The following notes by David Wardale introduce the calculations for the locomotive's suspension:
Since the steam era there have been changes made to railway vehicle suspension. However the steam locomotive is different in a number of ways from other railway vehicles, e.g. (i) in its chassis layout, with coupled axles running in the mainframe rather than in bogies, (ii) being subject to periodically applied vertical loads due to connecting rod angularity and the rotating masses for balancing the reciprocating parts, and (iii) in its comparatively high centre of gravity and resultant rolling tendency, which requires relatively hard springing. Given this, it is considered that the 5AT project is not the place to experiment with alternative spring arrangements, rather the type of spring and spring rigging that have proved themselves suitable for steam locomotives during millions of km of safe running and at speeds > 100 mph (160 km/h) should be retained and optimised.
The 5AT will have a 3-point suspension with compensated springing for the 3 coupled axles. The 3 suspension points are the bogie centre and the two centres of support of the coupled wheel springing, one at each side of the locomotive. The mass transfer to the bogie is to be at the bogie pivot, i.e. nominally at the locomotive's lateral centre, rather than by mass transfer pads at each side of the bogie as on the BR 5MT, i.e. the bogie gives zero lateral support to the locomotive. The coupled wheel springs on each side of the locomotive are not cross-compensated with each other, therefore they provide (all) the lateral support.

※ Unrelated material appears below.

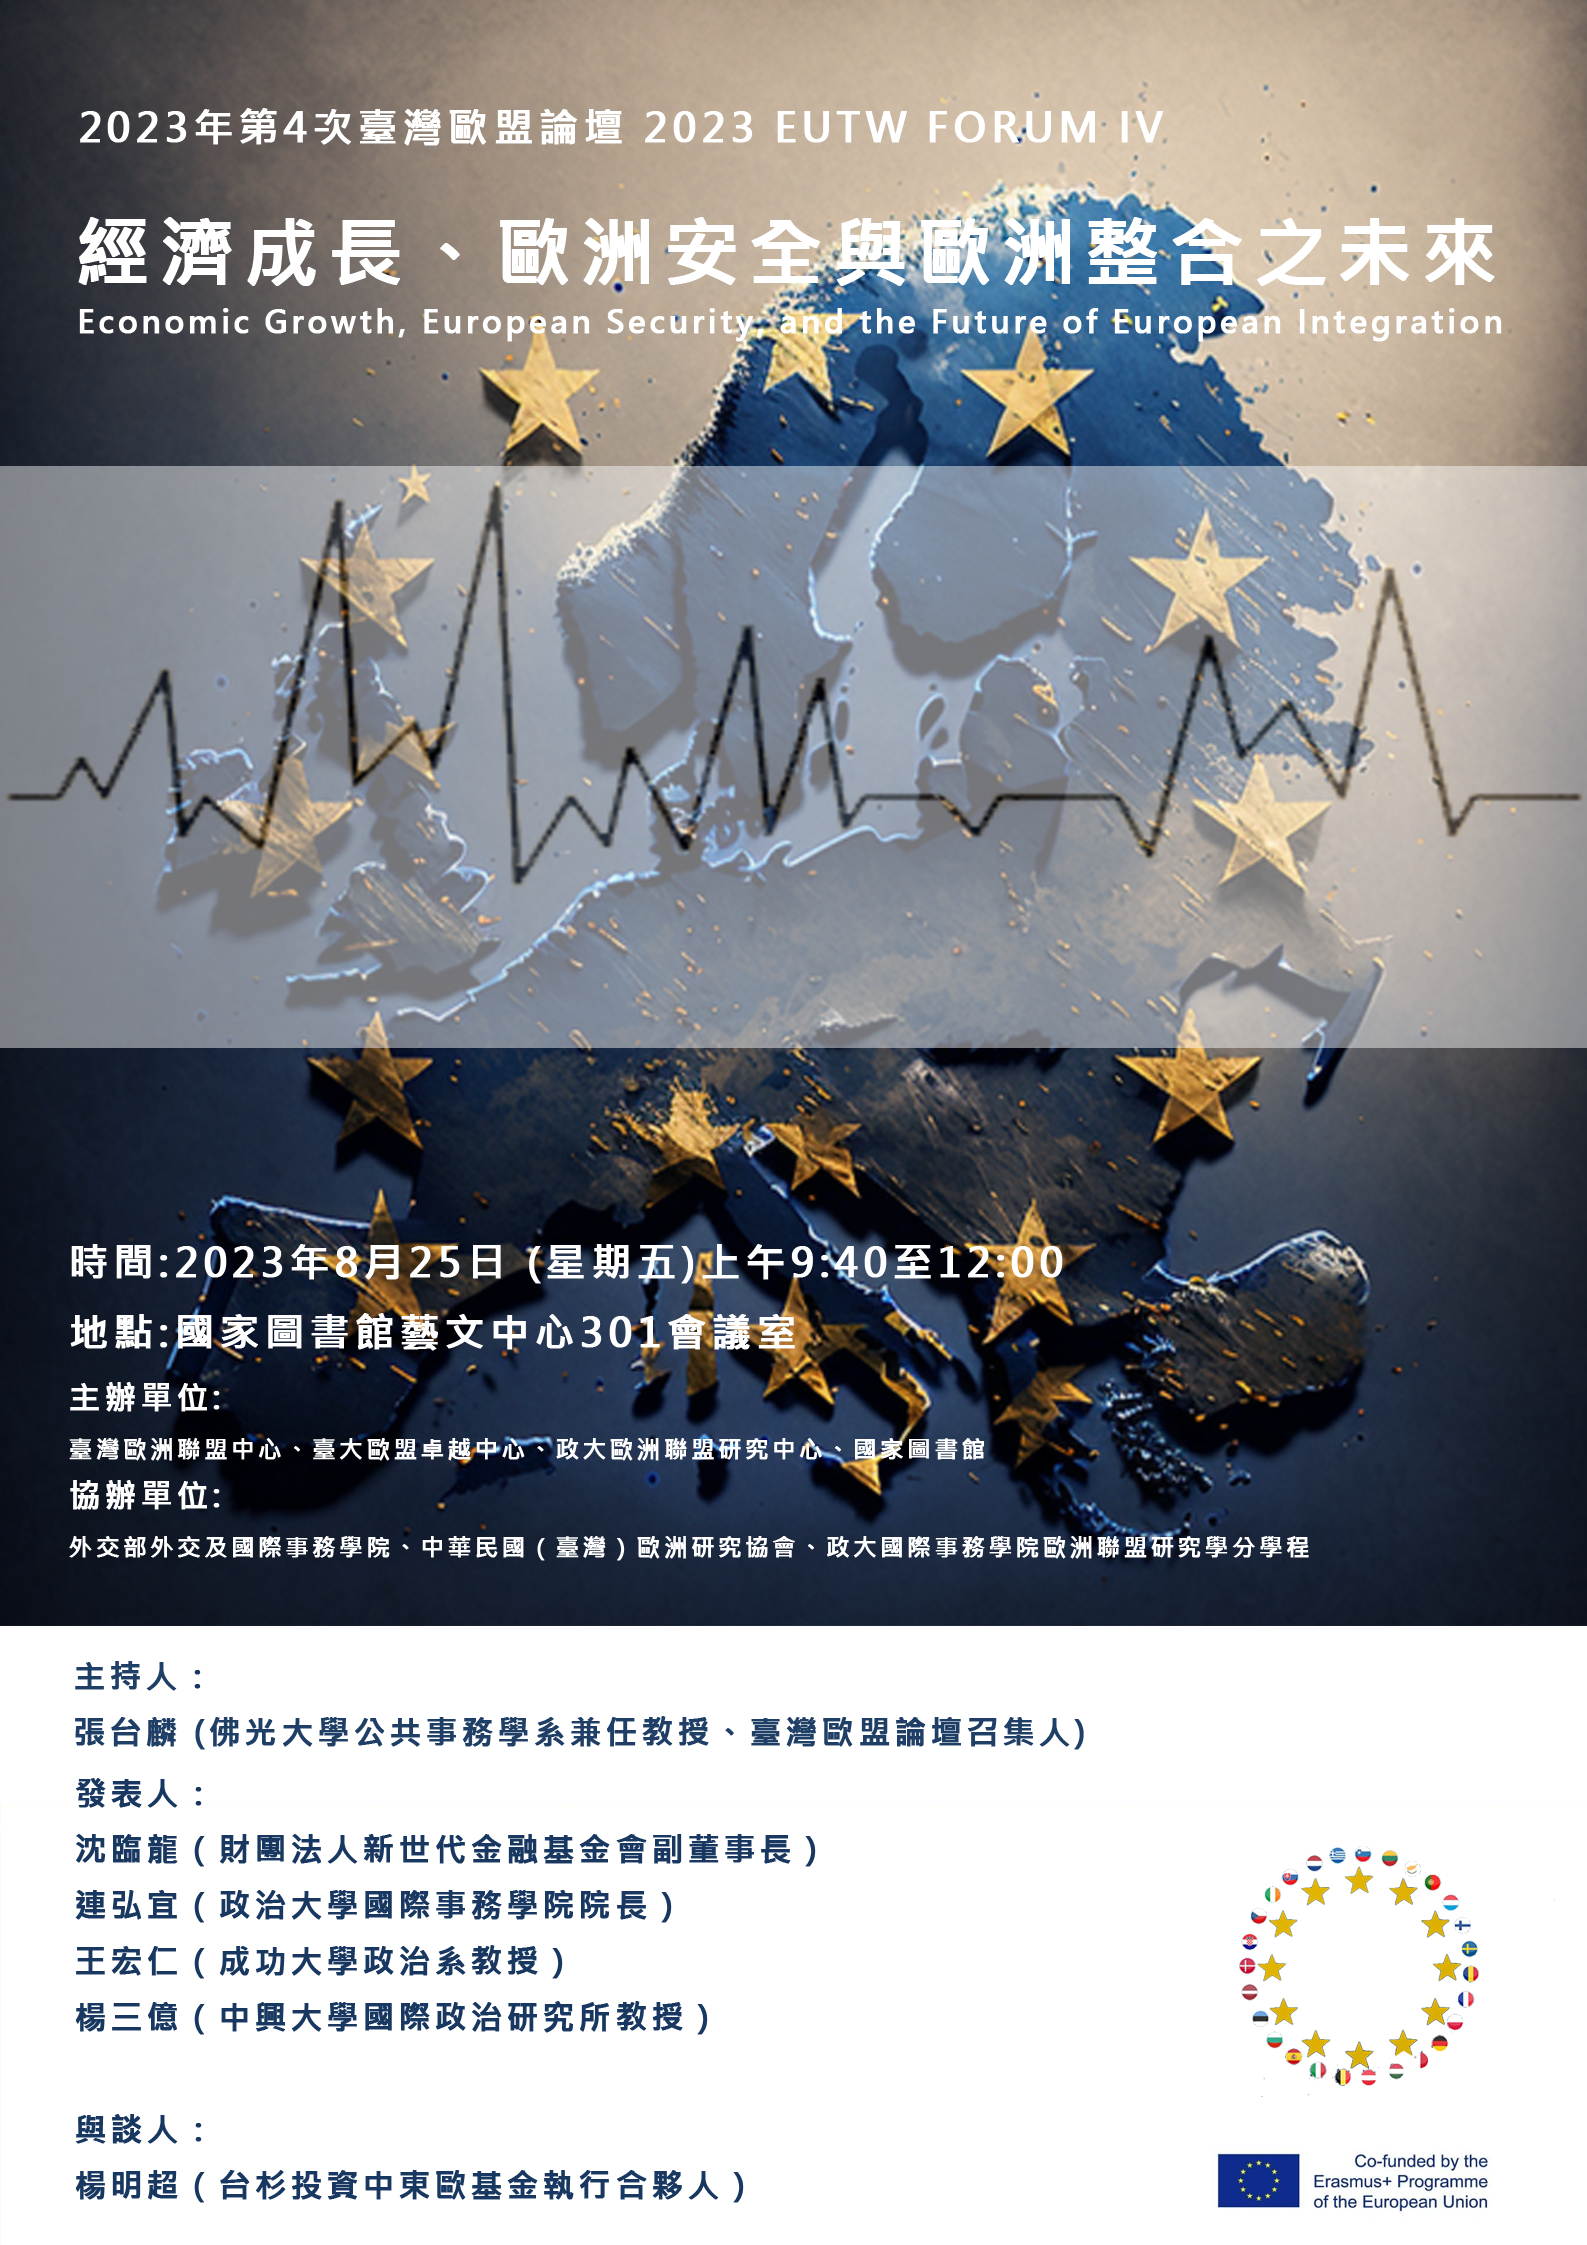 【歐盟學程與台大合辦之論壇活動】2023年第4次臺灣歐盟論壇-經濟成長、歐洲安全與歐洲整合之未來

This 3-point compensated suspension system is that almost universally used with steam traction: compared to the uncompensated springing in general use in the UK, to which it is inherently superior, it gives more constant axle loads with track irregularities and consequently better riding and traction qualities and reduced spring peak dynamic loads and stresses. It should be pointed out that the spring system for a 4-6-0 is a very simple example of the 3-point principle, which all compensated spring rigging, even on large multi-wheeled engines, seeks to achieve.